Entlassfeier am Bildungszentrum

Schulentlassung – Abschluss und Neubeginn eines Lebensabschnitts für 129 junge Menschen, die im Rahmen einer beeindruckenden Feier ihre Zeugnisse erhielten. Zahlreiche Personen des öffentlichen Lebens unterstrichen als Ehrengäste in der Ritter-von-Buß -Halle die Bedeutung dieses Tages für die Entlassschüler.

 Mut machen für die Zukunft, dies war das wichtigste Anliegen der Redner an diesem Abend, so auch Bürgermeister Hans-Martin Moll, der auf die veränderten Lebens- und Arbeitsbedingungen durch den rasanten technischen Fortschritt in den letzten Jahren hinwies und die Risiken, aber auch Chancen in einer globalisierten Welt ansprach. Die Jugend müsse bereit sein dazuzulernen, sich immer wieder neue Ziele zu setzen. Moll war überzeugt, dass die Schule ihnen dazu das nötige Rüstzeug mitgegeben habe, denn „nie waren Schüler besser ausgebildet als heute.“ Allerdings seien Politik und Gesellschaft gefordert, die positiven Seiten unseres Wirtschaftssystems herauszustellen. „Wir müssen verhindern, dass Frust entsteht, dass bei Jugendlichen der Eindruck erweckt wird, ihr Wissen und Können werde nicht gebraucht“. Wie die Stadt Zell jährlich sieben Ausbildungsplätze bereit stelle, so sollten auch die Betriebe den jungen Menschen eine Chance geben, appellierte der Bürgermeister an die Verantwortlichen. Mit den Worten: „Ihr seid herzlich willkommen, die Gesellschaft braucht euch“, wandte er sich an die Schulabgänger und forderte sie dazu auf, die Werte der freiheitlichen Ordnung mitzutragen, sich für das Gemeinwohl zu engagieren.

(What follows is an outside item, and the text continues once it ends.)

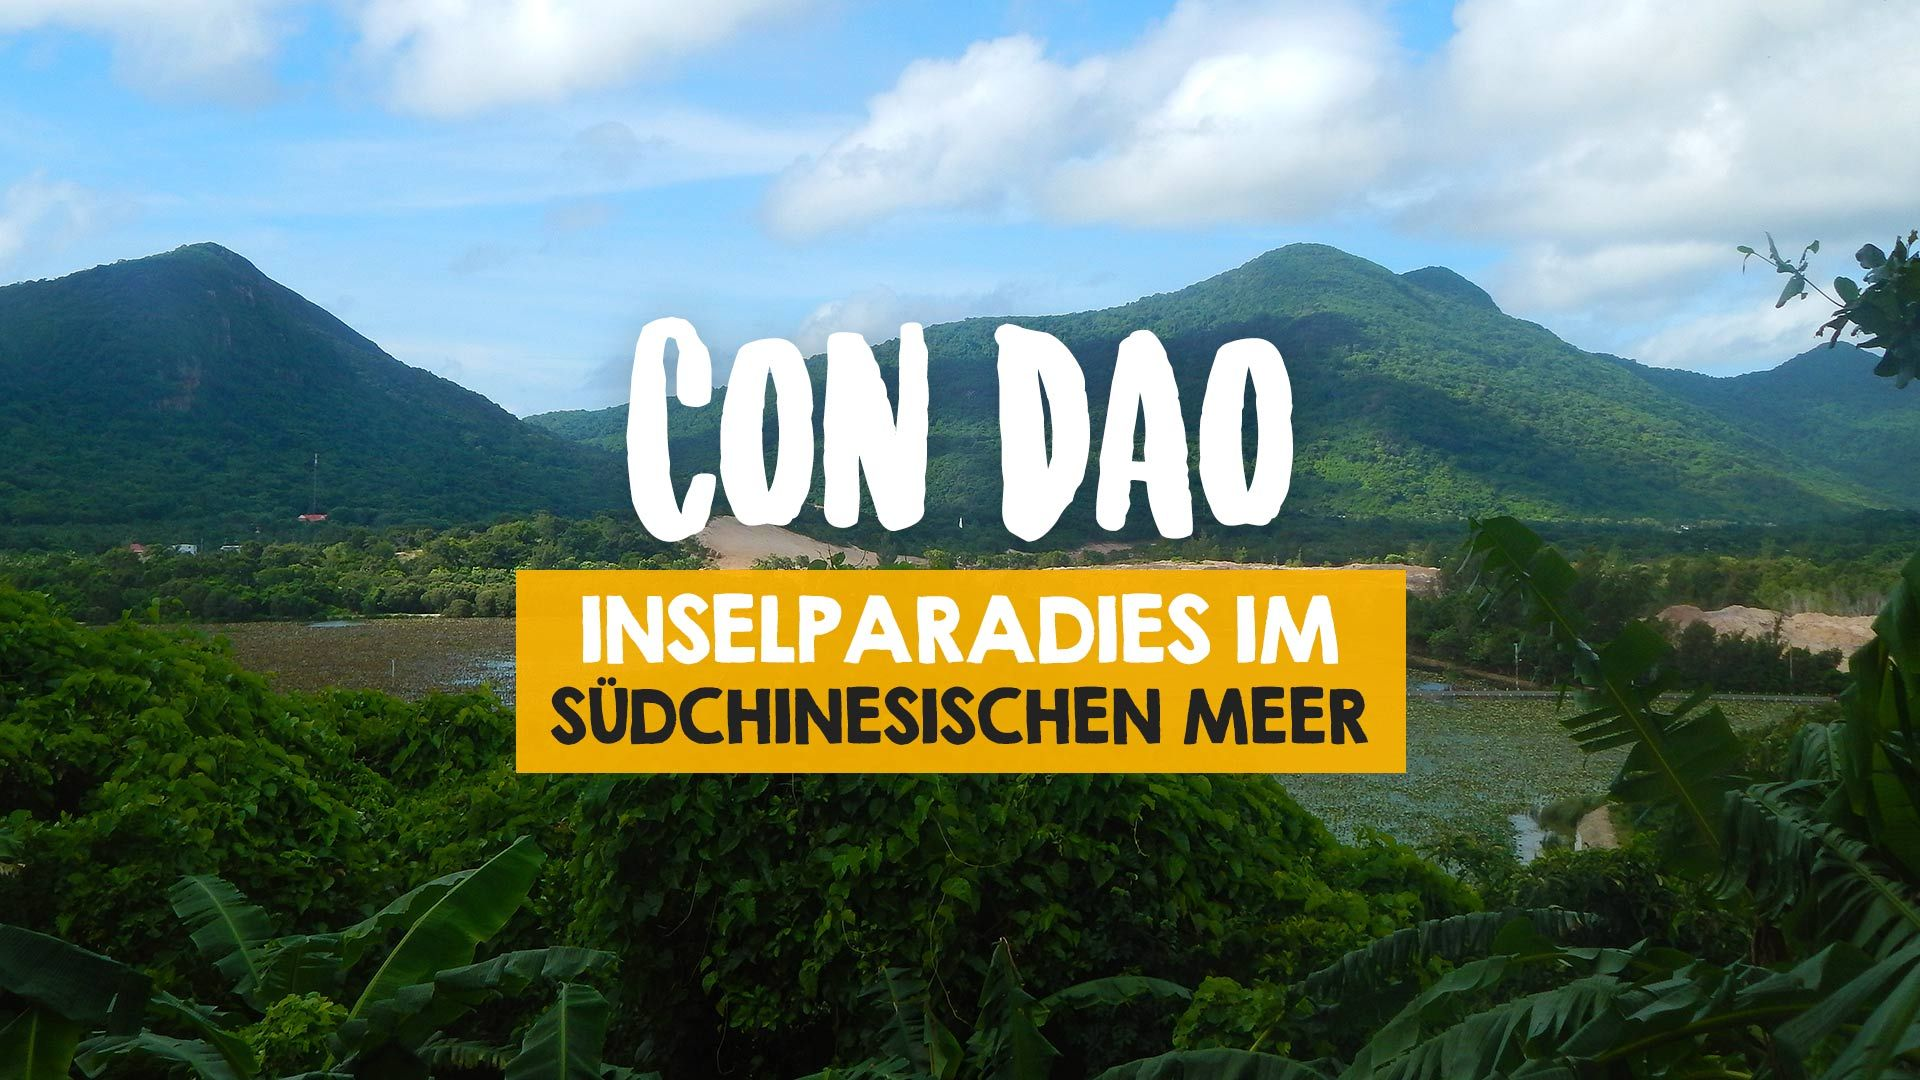 share silvester single party 2013 oldenburg phrase Completely share

Auch Elternbeiratsvorsitzender Wolfram John wies auf die schwierigen Startbedingungen ins Berufsleben hin, hob aber die guten schulischen Leistungen hervor, die das Selbstbewusstsein stärken sollten, diese Schwierigkeiten zu überwinden. Sein Dank galt dem Schulträger, der Schulleitung und dem Lehrerkollegium für ihre Verantwortung und ihren Einsatz zum Wohle der Schüler.

„Was ist Zukunft?“ Diese Frage stellte Rektor Hans Spathelf in den Mittelpunkt seiner Gedanken und die Antwort lautete je nach geschichtlicher Epoche oder herrschendem Zeitgeist jeweils anders. Sein Wunsch an die Entlassschüler war, dass sie eine bessere Vorstellung von ihrer Zukunft haben mögen. Für Sparkassendirektor Matthias Wangler war die Antwort auf die Frage klar, denn spontan sagte er: „Unsere Zukunft ist die Jugend“, und unterstrich damit die Bedeutung der heranwachsenden Generation für alle Bereiche der Gesellschaft. Einen praktischen Tipp hatte Helene Auer, Vorsitzende des Fördervereins, für die Schulabgänger bereit, die vor einem Start ins Berufsleben stehen: „Beginnt die Ausbildung, auch wenn es nicht euer Traumberuf ist“, riet die erfahrene Geschäftsfrau, die dabei auch die sich rasch wandelnden Anforderungen in der Arbeitswelt ansprach, die nur durch ein fortwährendes Lernen bewältigt werden können.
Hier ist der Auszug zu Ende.